Master MeRIP-seq Data Analysis: Step-by-Step Process for RNA Methylation Studies

Epitranscriptomics

At A Glance

01Data pre-processing 02Data Comparison 03Assessment and treatment of results 04Preparation for subsequent analysis 05Methylation site identification 06Peak Annotation 07Peak Difference Analysis 08Visualisation 09Motif Analysis 10Interpretation of biological significance

MeRIP-seq analysis refers to the process of processing, analysing and interpreting high-throughput sequencing data acquired by MeRIP-seq methods. This process includes several key steps aimed at providing an in-depth understanding of methylation modifications in RNA and their functions in the regulation of gene expression. By integrating experimental data and bioinformatics analyses, the researchers were able to reveal the important role that RNA methylation plays in a variety of biological processes.

The following is the basic flow of MeRIP-seq analysis.

Data pre-processing

quality assessment

Quality assessment of raw sequencing data is performed using tools such as FastQC. The main areas to check are as follows:

Read length: confirm that the reads are the expected length.
Mass fraction distribution: Look at the mass fraction of each base and make sure that the majority of bases are above the threshold (typically Q20 or Q30).
Splice contamination: detect the presence of splice sequences in the read segment.
rRNA abundance: detects if rRNA is too high to avoid a reduction in the sequencing depth of the target mRNA. the presence of rRNA can confound subsequent methylation analyses and lead to inaccurate results.

Data cleaning

Cleaning of low quality data usually includes the following steps:

Remove splice sequences: Use tools such as Trimmomatic or Cutadapt to remove splice sequences and low quality reads.
Remove low quality reads: Filter out low quality reads based on mass fraction and length.
Remove rRNA: There are a variety of commercially available rRNA removal kits on the market, such as Ribo-Zero, that can effectively remove rRNA.Alternatively, rRNA can be captured and removed by specific probes.

Data Comparison

Selecting a Reference Genome

Download the reference genome: Download the reference genome sequence for the desired species from a public database (e.g. UCSC Genome Browser or Ensembl).
Prepare annotation files: Obtain the corresponding gene annotation file (e.g., GTF or GFF format) for subsequent analysis.
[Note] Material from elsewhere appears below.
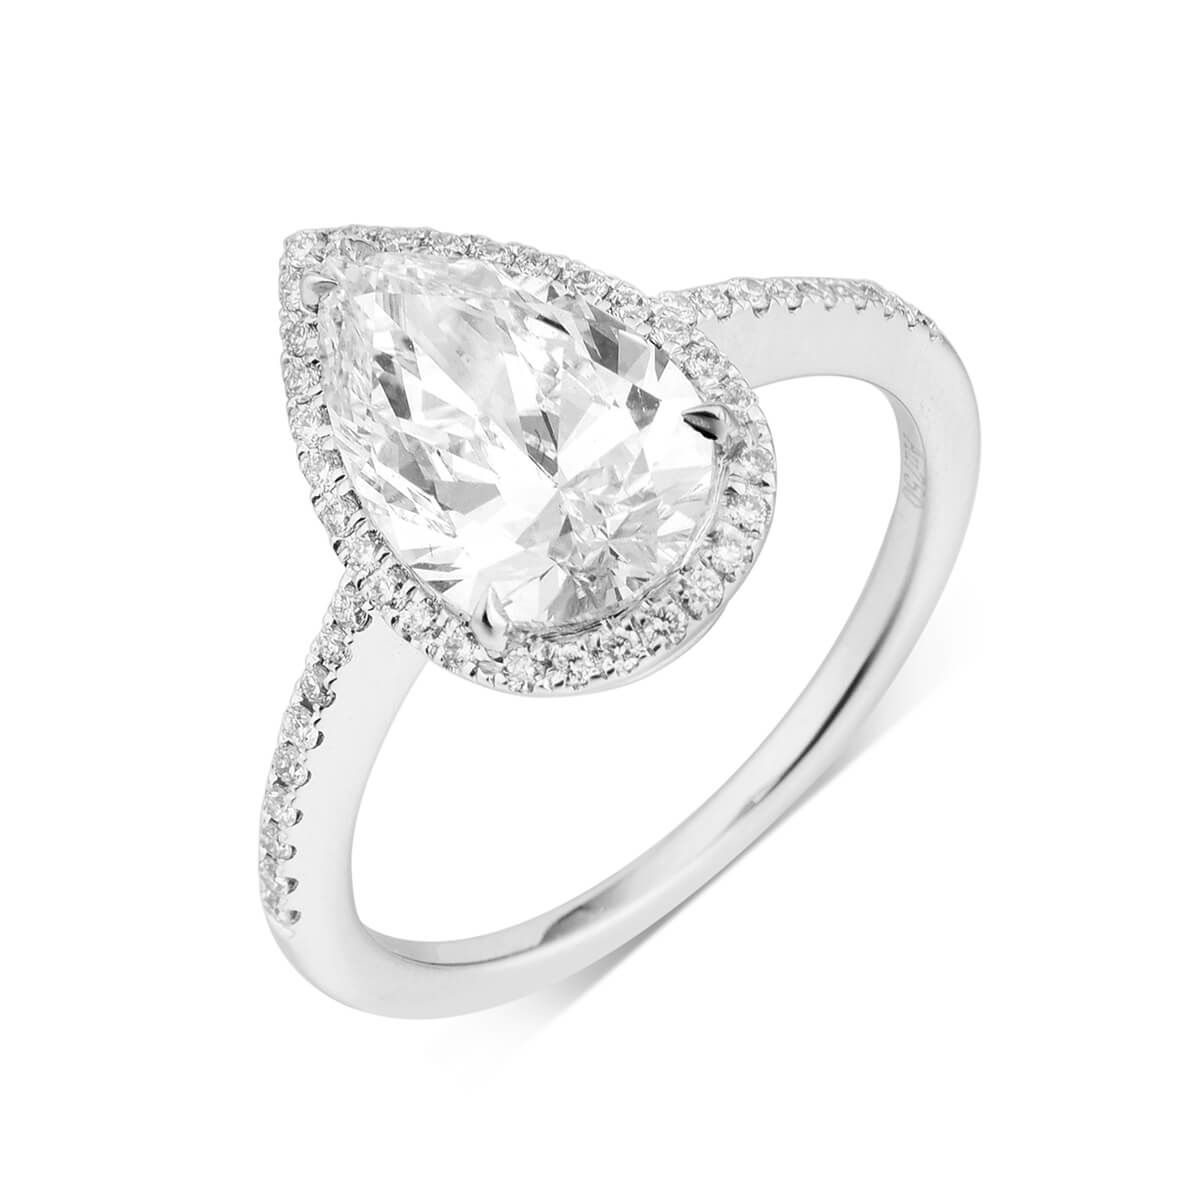  White Diamond Ring, 2.29 Ct. TW, Pear shape, GIA Certified, 5181543743

Selection of comparison tools

Select the suitable comparison tool according to the data characteristics, such as:

STAR: suitable for RNA-seq, capable of handling splice variants.
HISAT2: optimised for splicing processing.
Bowtie2: fast and efficient short sequence comparison.

Perform comparison

Set parameters: Set comparison parameters according to the data characteristics, such as the maximum allowed number of mismatches, whether to allow multiple comparisons, and so on.
Execute alignment: Run the selected alignment tool to align the cleaned reads to the reference genome.

Assessment and treatment of results

Evaluate the results: Use tools (e.g.Samtools) to check the match rate and the completeness of the matched files. Calculate the percentage of read segments that were successfully matched, usually expecting a match rate higher than 70%.
Coverage: assess the coverage of the target mRNA to ensure that there is sufficient read coverage.
Visual Verification: Use tools such as IGV to visualise the comparison results, confirm the signal strength and coverage of the target area, and detect the presence of anomalies.
Statistical analysis: Draw the distribution graph of read segment length, quality score and other related parameters to visualise the quality improvement.
BAM File Processing: Output the results to BAM format and sort and remove duplicates (using Samtools).
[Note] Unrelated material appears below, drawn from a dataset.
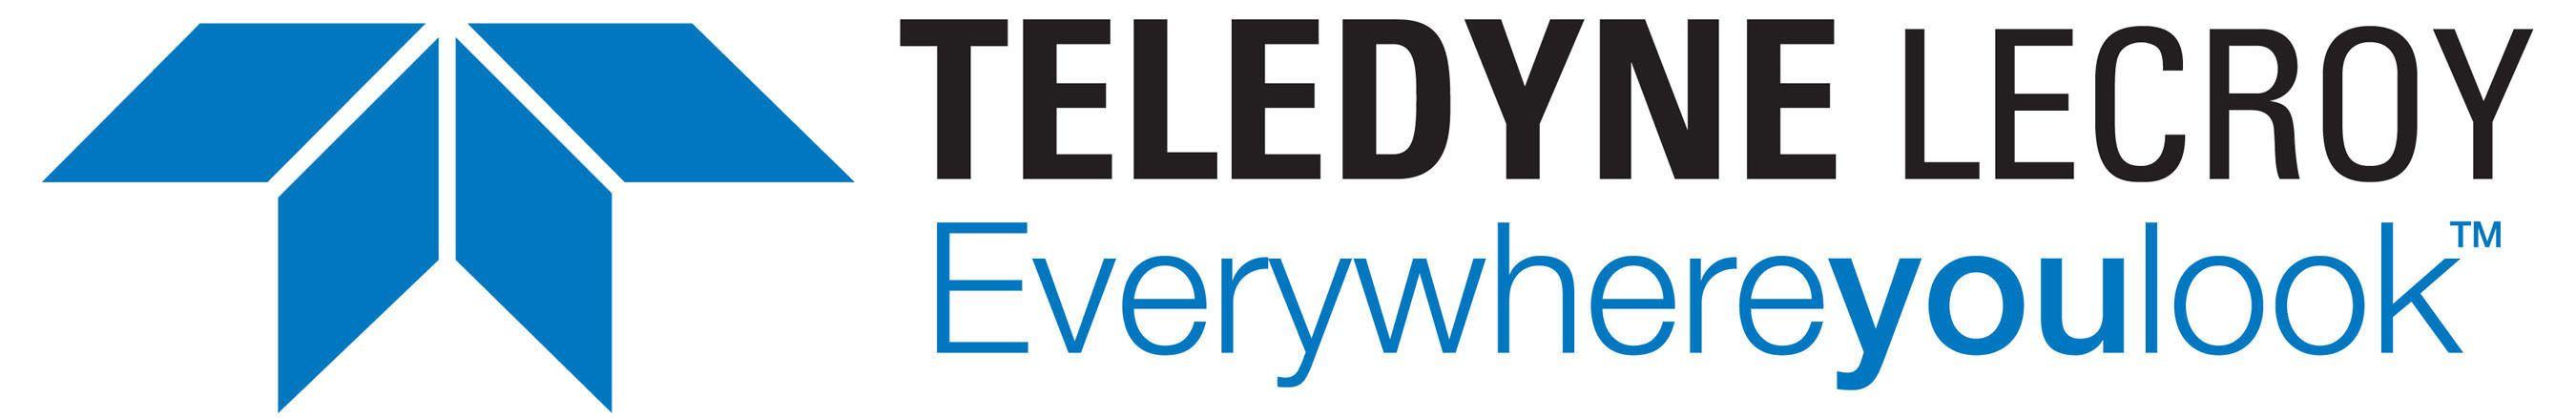 PCIe Logo - Teledyne LeCroy Announces New PCIe® External Cable 3.0 Interposer

Preparation for subsequent analysis

Indexing: index the BAM files for subsequent use.
Prepare coverage files: Use tools to generate coverage files (e.g. bedGraph or bigWig format) suitable for downstream visualisation and quantitative analysis.
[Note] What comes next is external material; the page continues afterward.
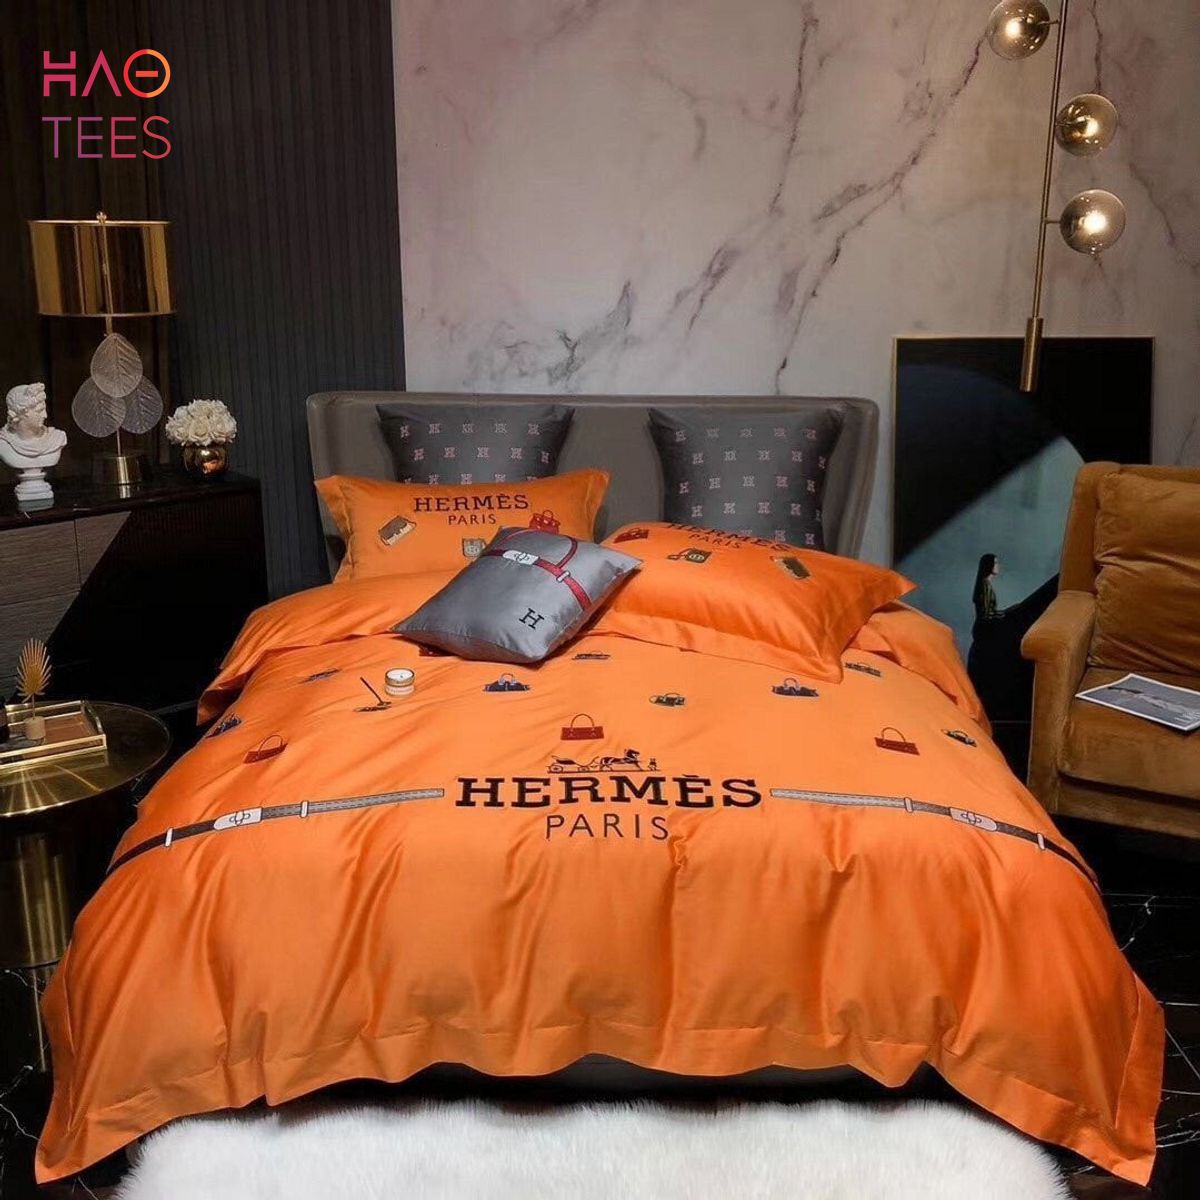 HOT Hermes French Limited Edition Orange Bedding Sets

Methylation site identification

Enrichment analysis

Input control samples: Prepare input control samples (samples without MeRIP treatment) as background signals.
Calculation of enrichment multiplicity: Compare the signal intensity of the MeRIP sample with that of the input sample and calculate the enrichment multiplicity. The following formula is usually used:

Peak calling

using peak calling tools: Identify significant methylation-enriched regions (i.e. methylation peaks) . MACS (Model-based Analysis of ChIP-Seq): one of the most commonly used tools for enrichment experiments such as MeRIP-seq. Piranha: Designed for MeRIP-seq, it can effectively identify RNA-modified enrichment regions. HPeak: Suitable for peak detection in high-throughput sequencing data.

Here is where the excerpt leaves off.